Personally I never found the large hobbit family descriptions, healthy lifespans and apparently abundant natural resources of the Shire to reconcile themselves to the modest rural population sense I have of the shire.


----------



## Ardamir the Blessed (Aug 17, 2003)

Here are some quotes from LR that *may* give further clues about the population of the Shire:


> Anyway: there was this Mr. Frodo left an orphan and stranded, as you might say, among those ***** Bucklanders, being brought up anyhow in Brandy Hall. A regular warren, by all accounts. Old Master Gorbadoc never had fewer than *a couple of hundred relations* in the place.





> Before long the invitations began pouring out, and the Hobbiton post-office was blocked, and the Bywater post-office was snowed under, and voluntary assistant postmen were called for. There was a constant stream of them going up the Hill, carrying *hundreds* of polite variations on _Thank you, I shall certainly come_.

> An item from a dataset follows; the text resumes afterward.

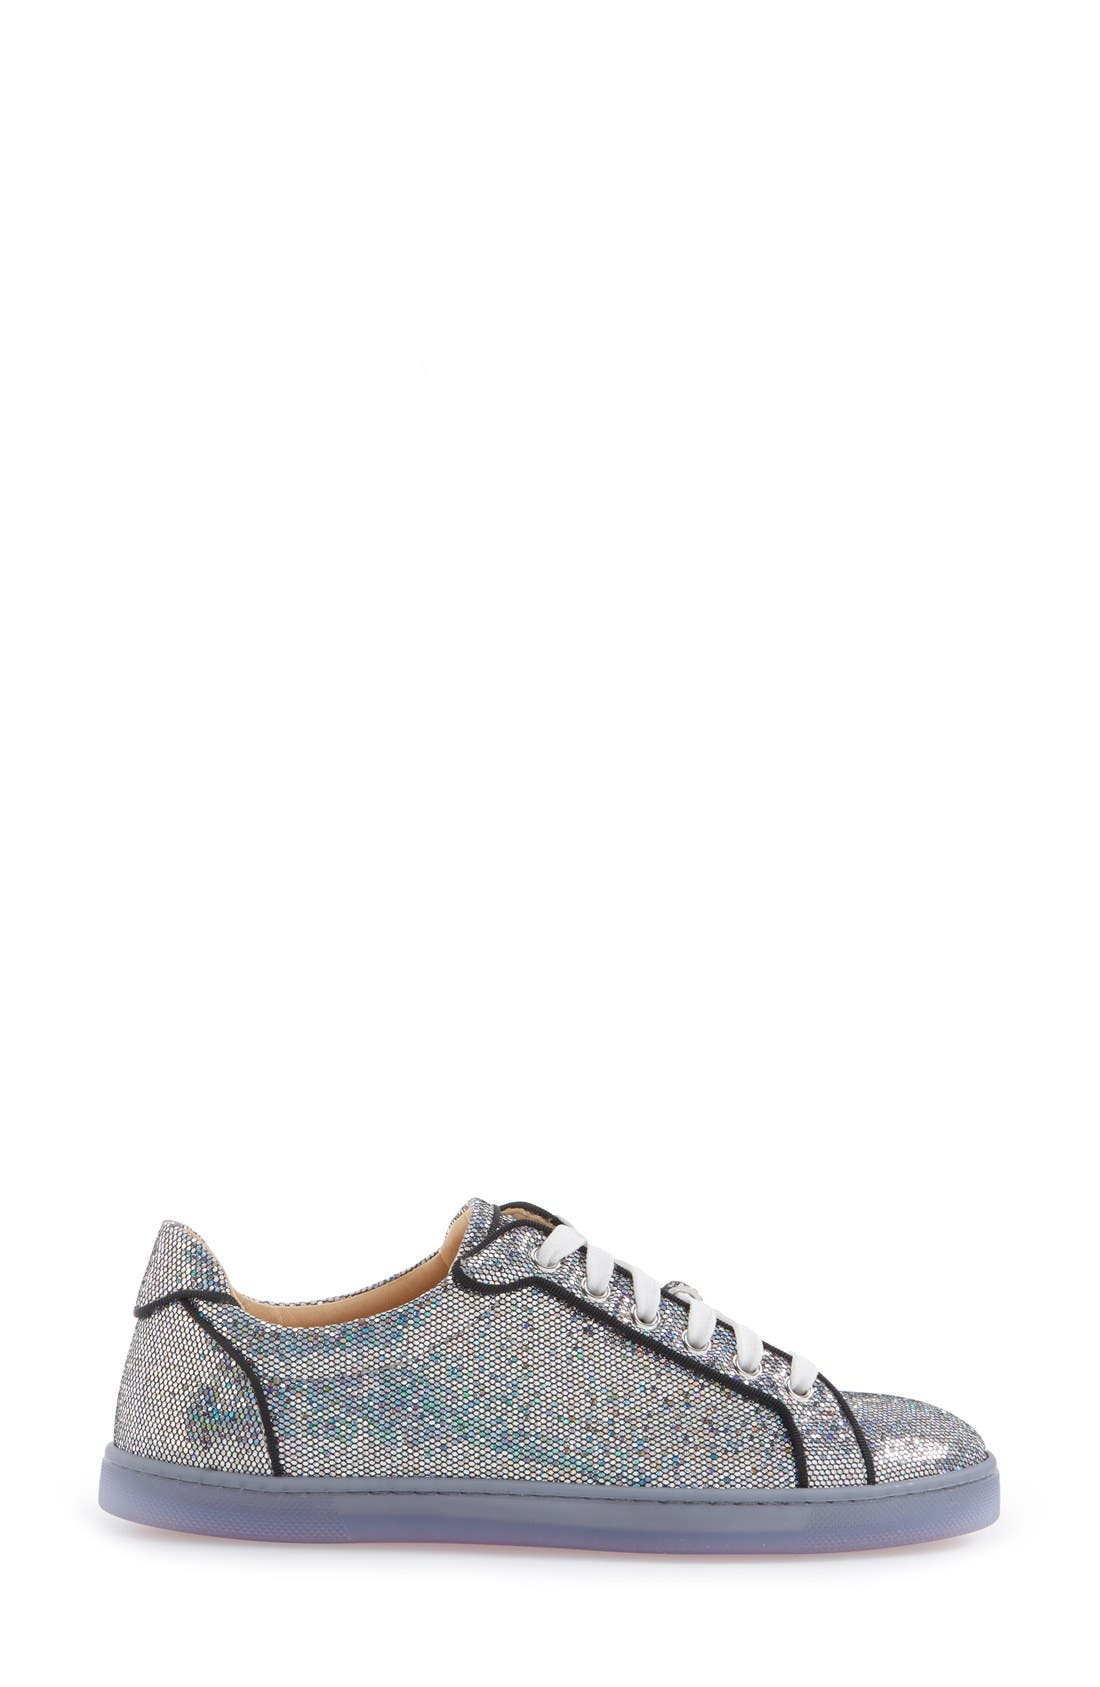 'Seava' Disco Ball Glitter Sneaker,                             Alternate thumbnail 4, color,                             040
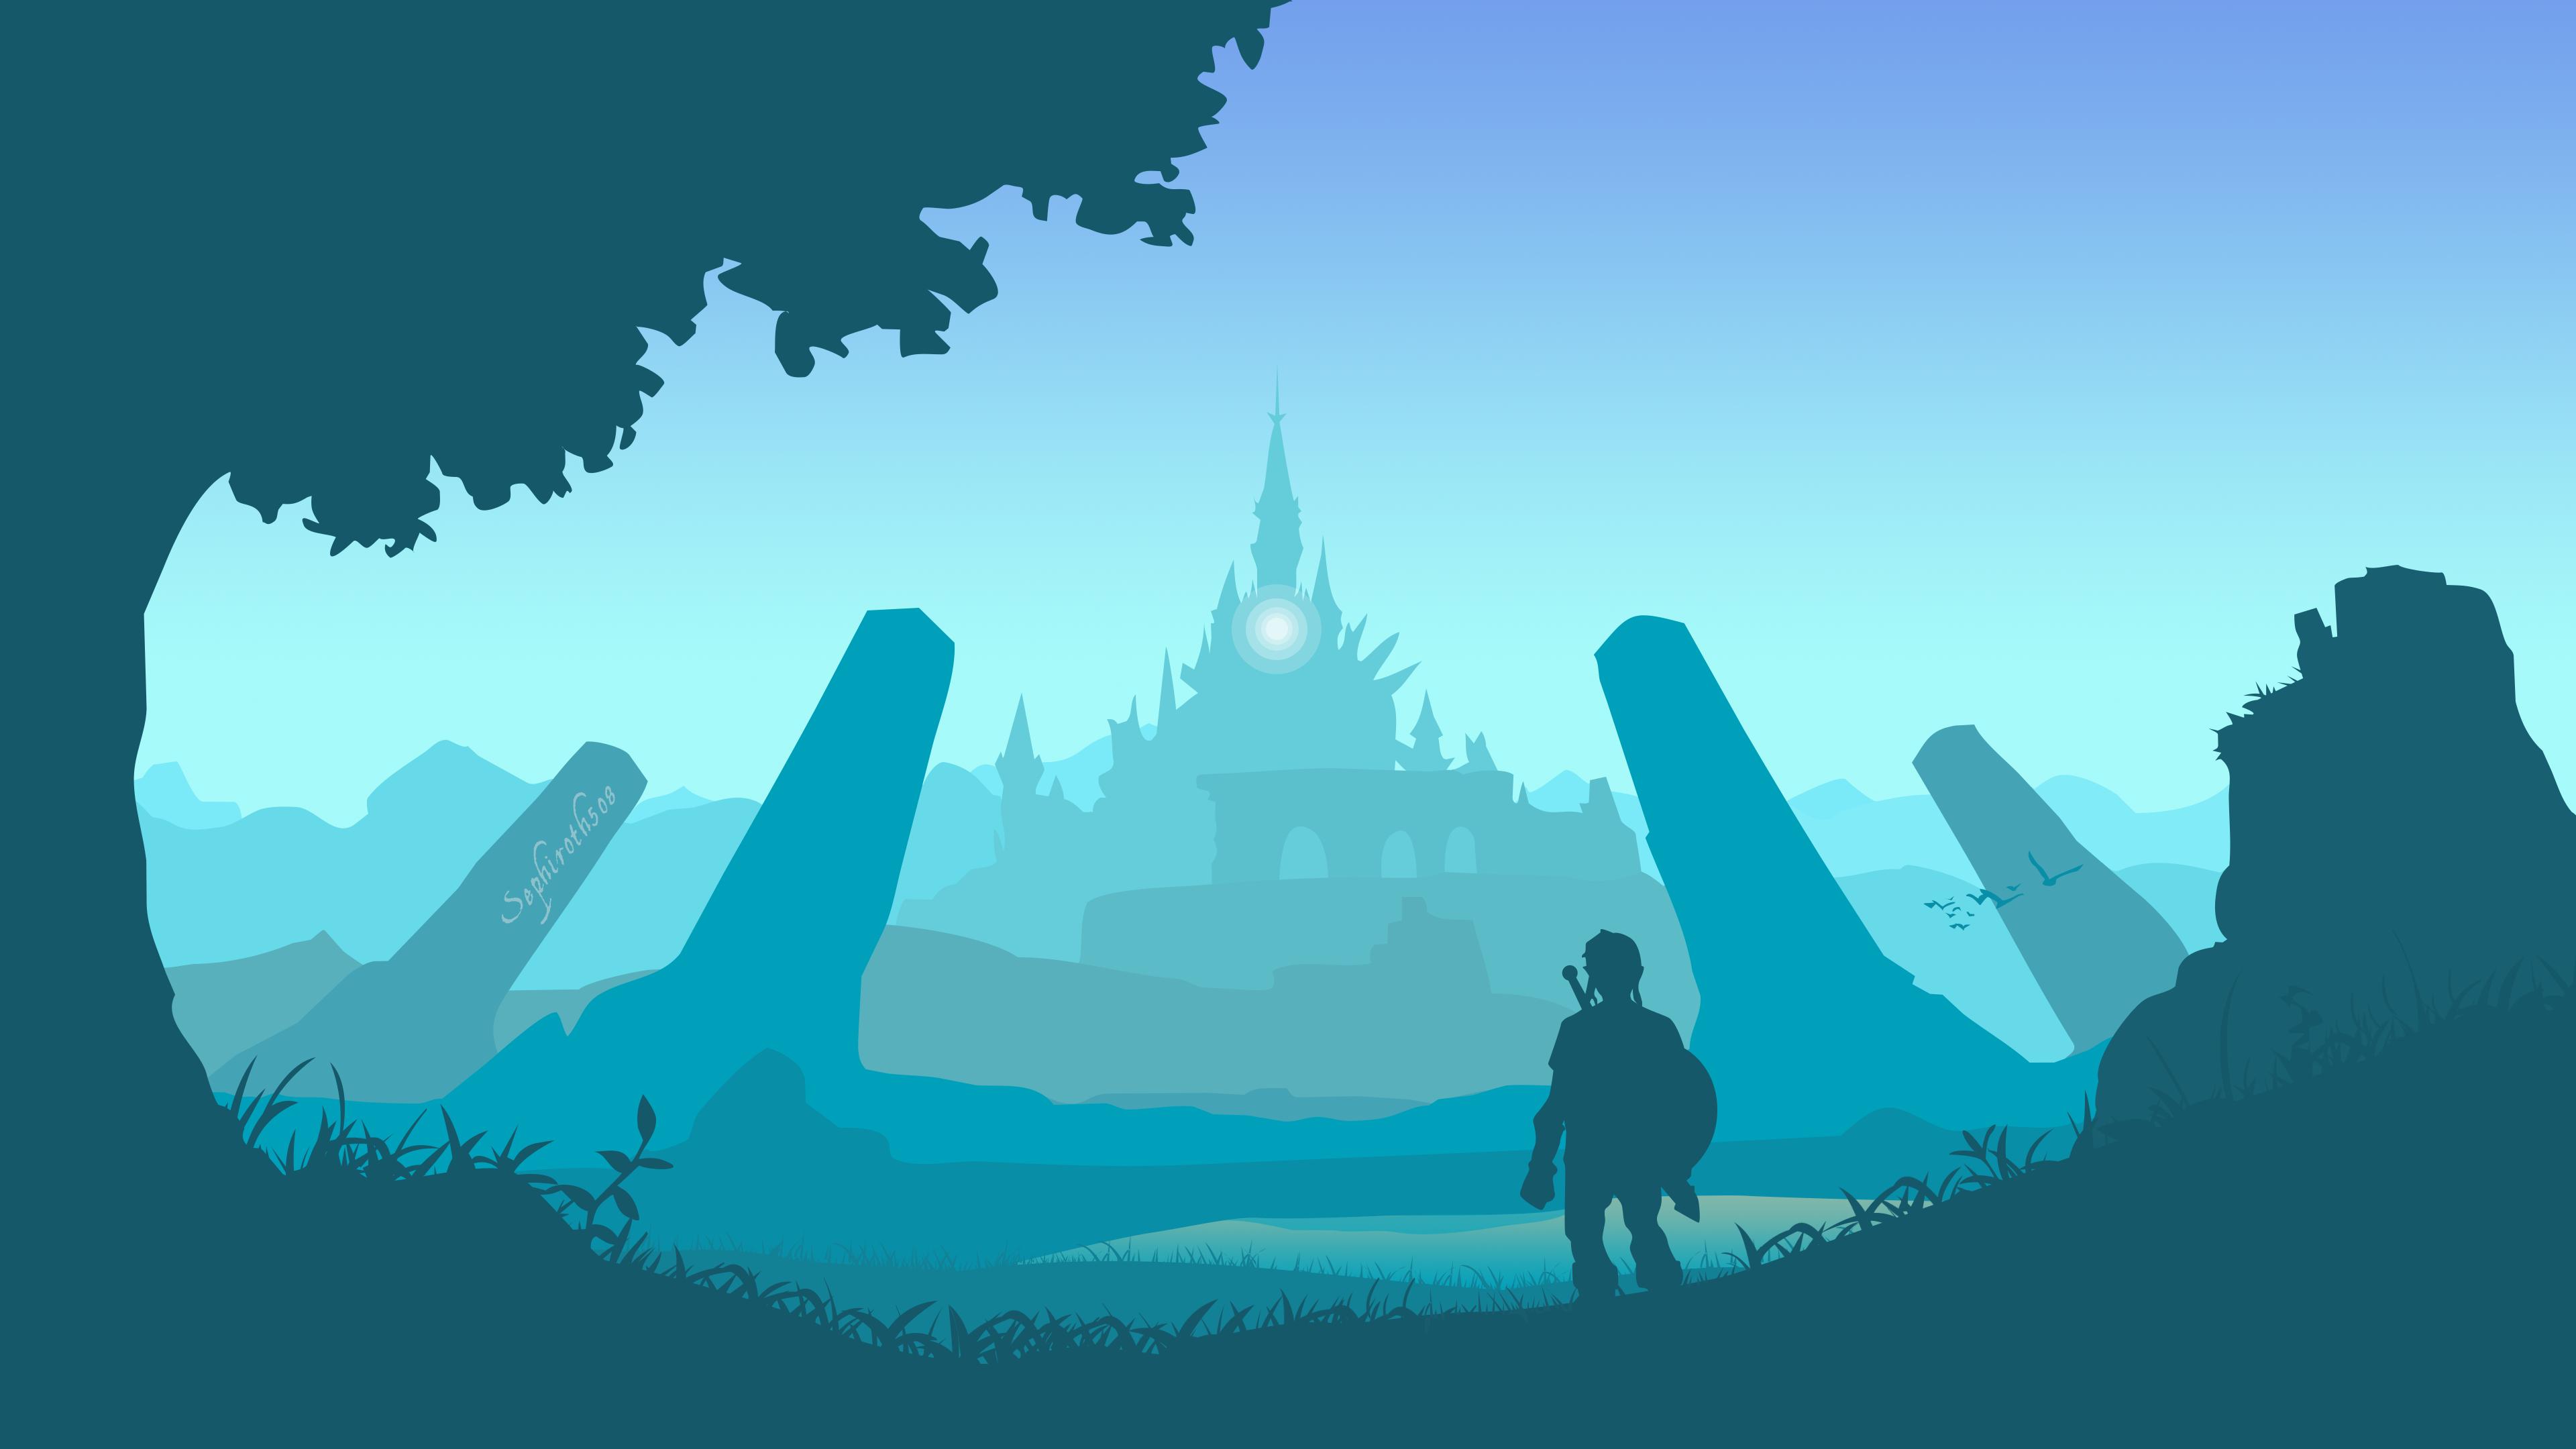 Hyrule | Legend of Zelda: Breath of the Wild

> They thought of the slanting light of evening glittering on the Brandywine River, and the windows of Bucklebury beginning to gleam with *hundreds of lights*.





> The village of Bree had some *hundred stone houses of the Big Folk*, mostly above the Road, nestling on the hillside with windows looking west.





> ‘Then why do you do their work far them?’ said Sam angrily. ‘Who sent you to Frogmorton?’
> ‘No one did. We stay here in the big Shirriff-house. We’re the First Eastfarthing Troop now. There’s *hundreds of Shirriffs* all told and they want more, with all these new rules.





> When Sam got back he found the whole village roused. Already, apart from many younger lads, *more than a hundred sturdy hobbits were assembled* with axes, and heavy hammers, and long knives, and stout staves: and a few had hunting-bows. More were still coming in from outlying farms.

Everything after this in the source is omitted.